Thursday, June 2, 2011

PRÉ-HUMANOS


"Só uma vez me explicou seriamente o que significava aquele pomar dos mortos - tivemos de nos encontrar várias vezes, e ela percebeu que aquele bosque me aterrorizava. Na Cólquida, disse, só as mulheres eram enterradas, os cadáveres dos homens eram pendurados das árvores até que os pássaros os limpassem, deixando apenas os esqueletos, que depois eram depositados, por famílias, em necrópoles nas cavernas rochosas, era um método limpo e digno, não entendia o que me perturbava tanto nisso. Tudo, mais ou menos, mas em especial a ideia dos pássaros a debicarem um cadáver humano e a comê-lo como qualquer outra carne morta. Fiz-lhe notar que o morto devia ser enterrado ou deposto no seu túmulo de rocha fisicamente intacto, para poder fazer a sua jornada pelo Hades e chegar ao Além. Ela contrapunha que os mortos já não tinham alma, que ela escapa incólume e é venerada na Cólquida em lugares próprios. Para que se desse o seu renascimento num outro corpo, a deusa voltava a juntar os corpos destroçados dos mortos. Estas eram as crenças da Cólquida. E observava-me atentamente enquanto ia falando.

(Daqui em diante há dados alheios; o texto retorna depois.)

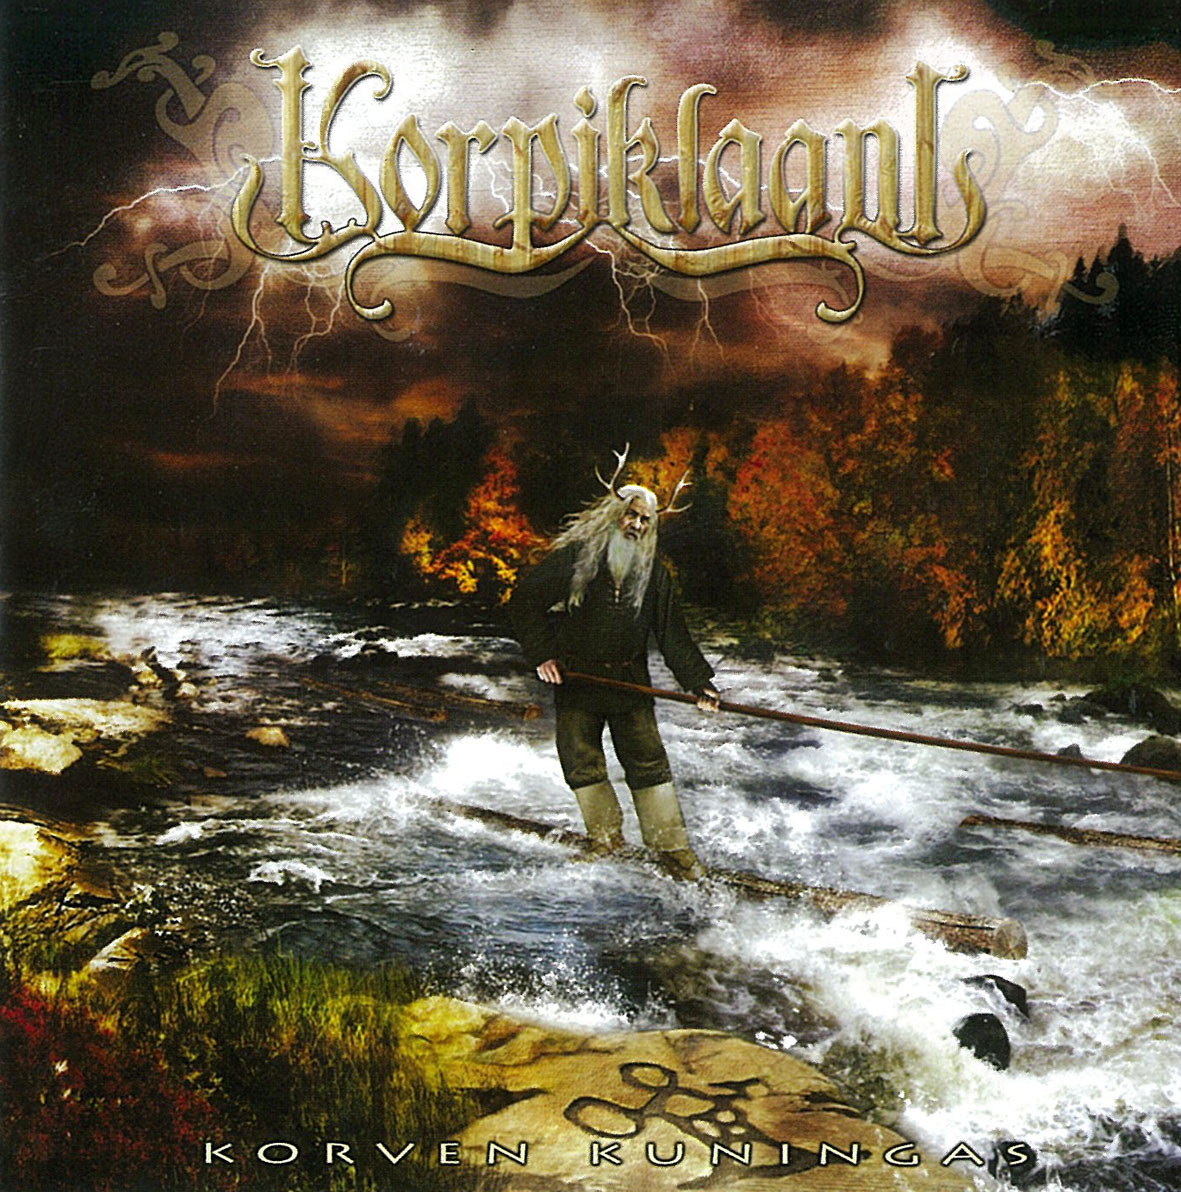 Metal Downloads: Korpiklaani Discography/discografia

E o importante não seria, afinal, perguntou por fim, saber que sentido se atribui a uma acção? Esta ideia era-me estranha, não tinha dúvidas, e não as tenho hoje, de que só há uma maneira correcta de venerar os nossos mortos, todas as outras são inaceitáveis. Mas não sei por que razão ela me perguntou depois se entre nós, nas terras do Sol poente, se faziam sacrifícios humanos. Claro que não!, disse eu, chocado. Ela inclinou a cabeça e olhou-me, inquisidora. Não? Nem mesmo em casos extremos? Eu continuei a dizer que não, e ela concluiu, pensativa: Então é assim? Talvez tenham razão."
Christa Wolf, Medeia.Vozes, trad. João Barrrento, Lisboa: Cotovia, 1996, pp. 55-56.